O sistema Drousys reunia uma base de dados para gerenciar o departamento de propinas da Odebrecht através de operações da intranet, uma rede privada, cujo banco de dados era hospedado em dois servidores privados, sendo um na Suíça e outro no Brasil.

O Drousys, um sistema totalmente dedicado a operações criminosas, ficou conhecido como o "Departamentos de Operações Estruturadas" da empreiteira e era através deste sistema sofisticadíssimo que o executivo Marcelo Odebrecht controlava o fluxo de propina para centenas de políticos.

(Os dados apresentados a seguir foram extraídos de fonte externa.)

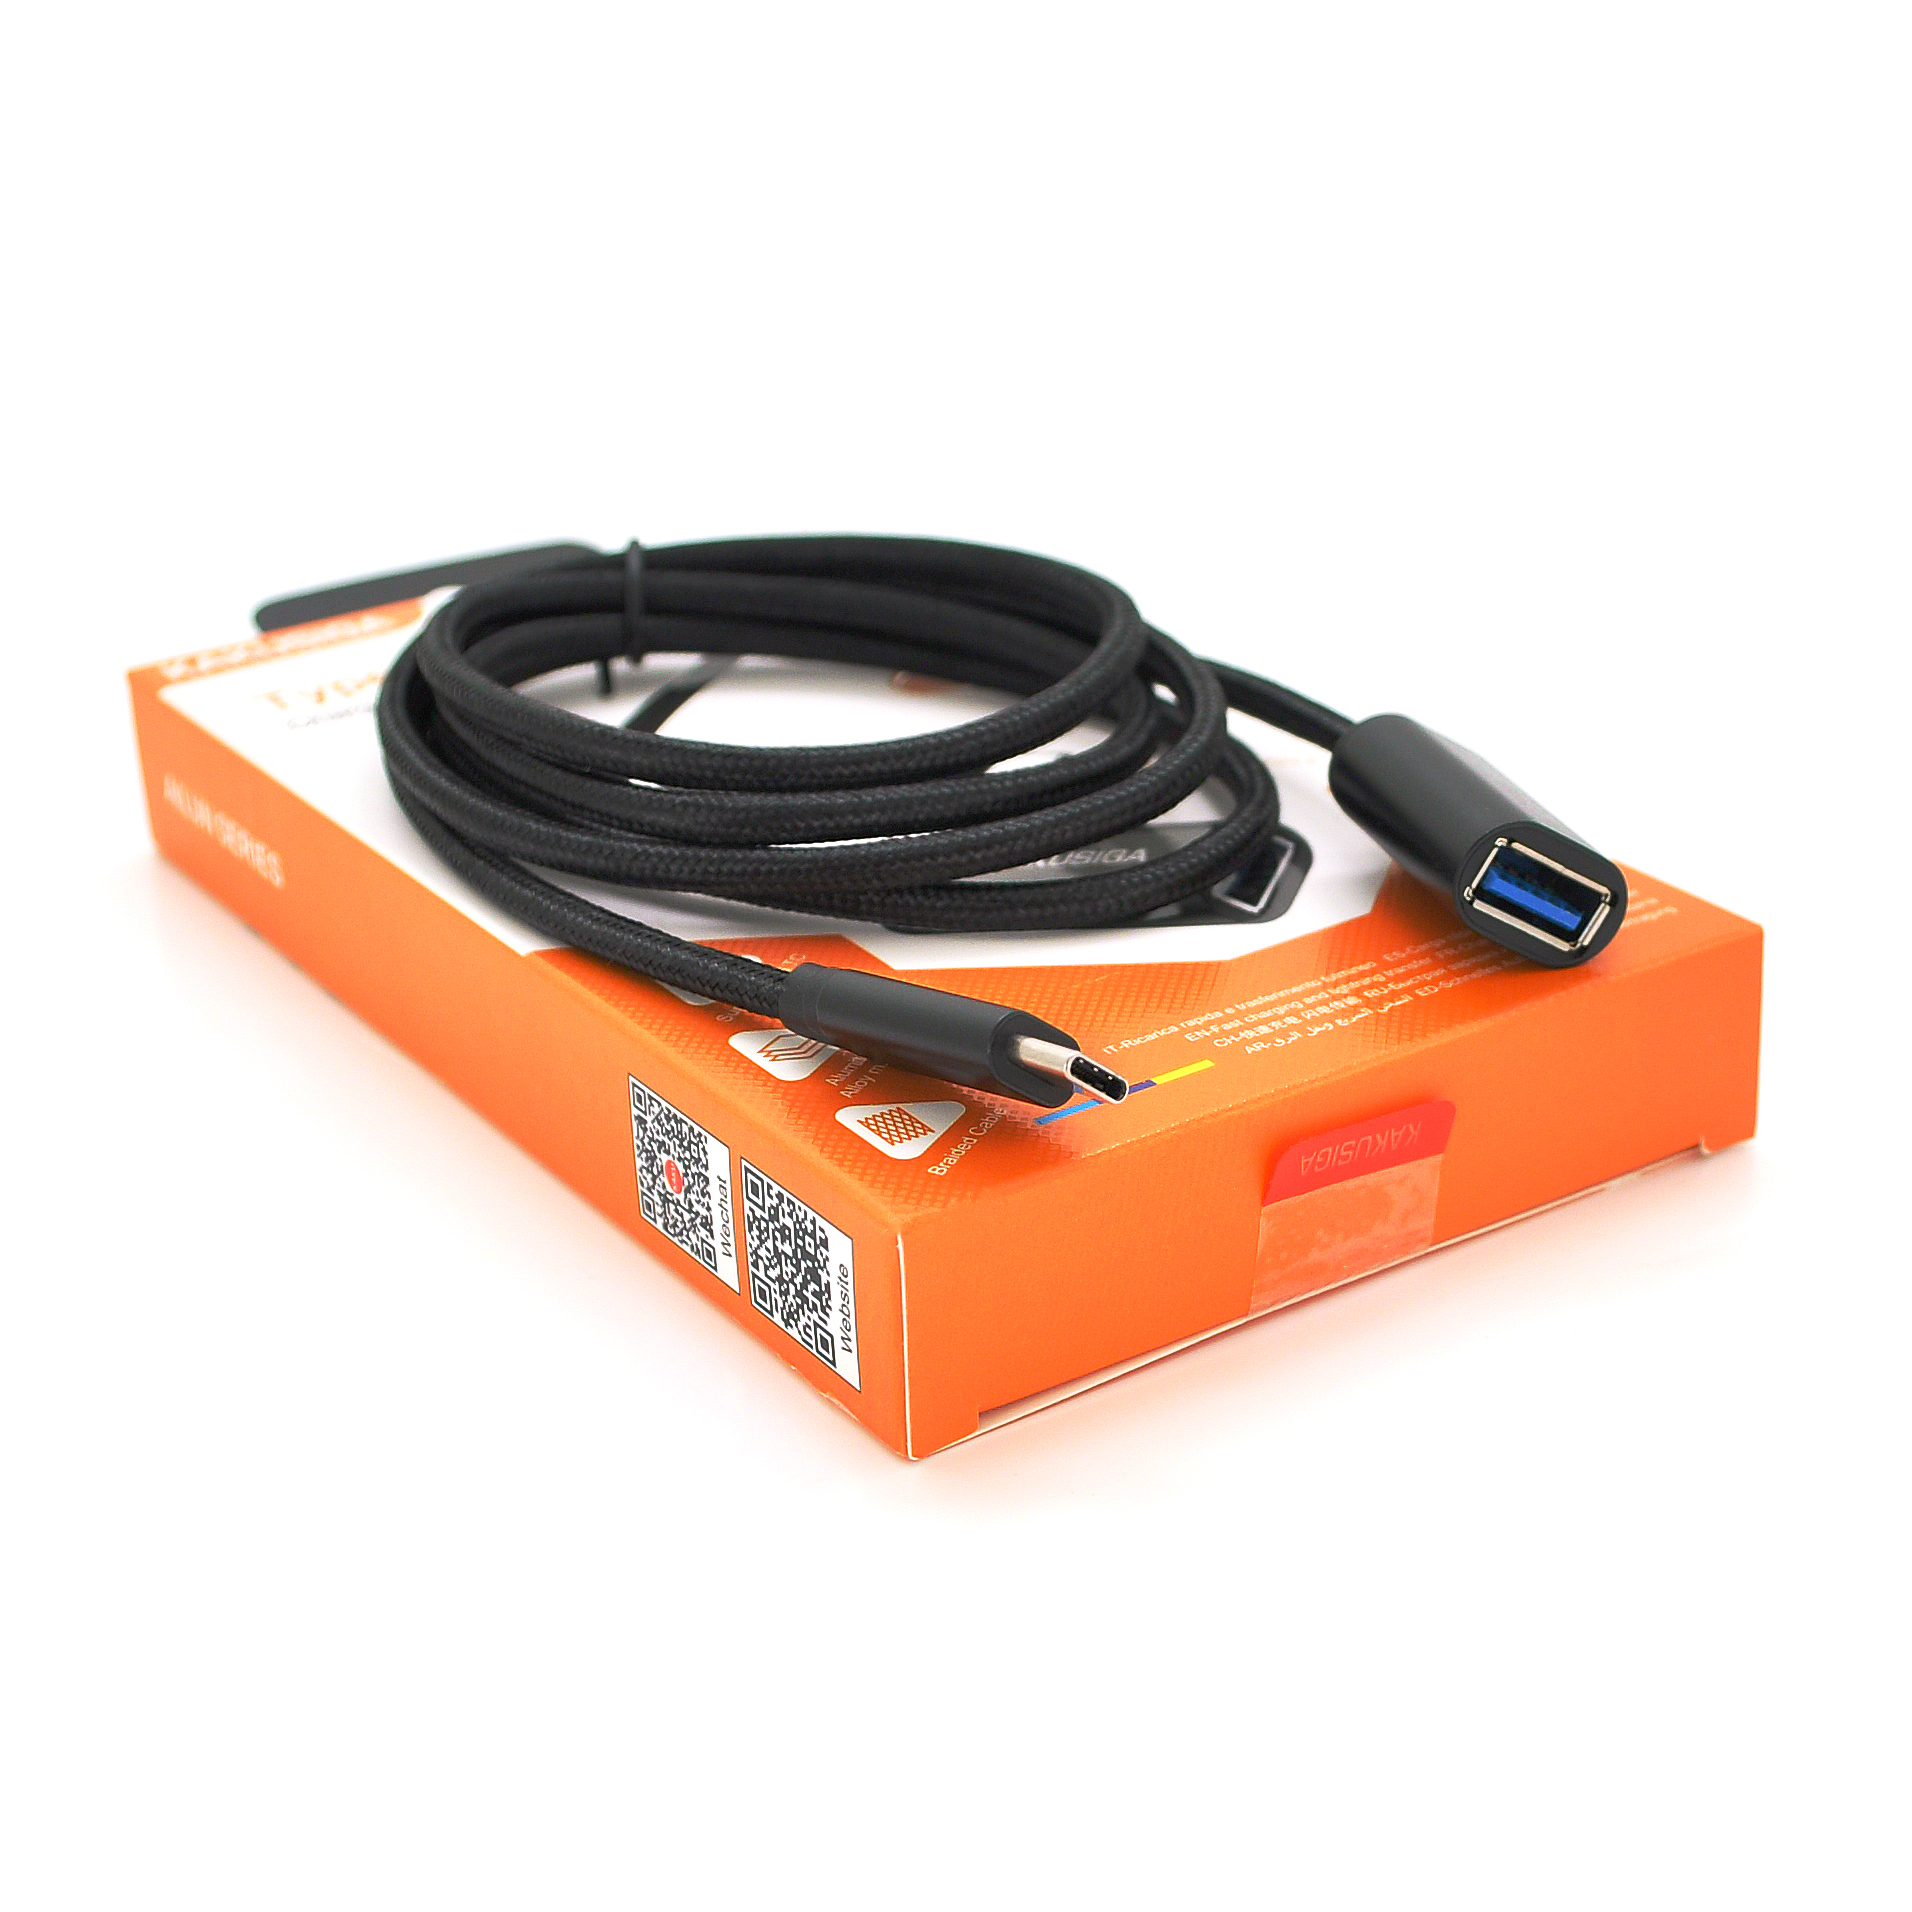 Перехідник iKAKU KSC-754 AILUN Type-c(Male) to USB female USB3.0 charging data extension cable Black, Box

Para a Odebrecht, o sistema Drousys tornava mais segura a comunicação do departamento de propinas. Todos os pedidos de entrega de dinheiro trafegavam através desse sistema. Todos os usuários possuíam um login próprio, que escondia sua identidade. Os operadores financeiros também possuíam logins próprios. Também salienta a PF: “Em algum momento em 2015, o sistema foi terminado, em clara tentativa de destruir evidências relativas aos ilícitos perpetrados pelo Setor de Operações Estruturadas”.

A empreiteira havia destruído os arquivos no servidor no Brasil, mas mantinha outro sistema na Suíça contendo as centenas de planilhas onde estão detalhados repasses de propinas a políticos de vários partidos.  Todo este material se encontra agora em poder da Lava Jato, que poderá analisar as centenas de planilhas, algumas com saldo de mais de R$ 60 milhões. Através do backup do sistema entregue pela empreiteira, será possível identificar todos os codinomes utilizados por Marcelo Odebrecht para se referir aos recebedores das propinas.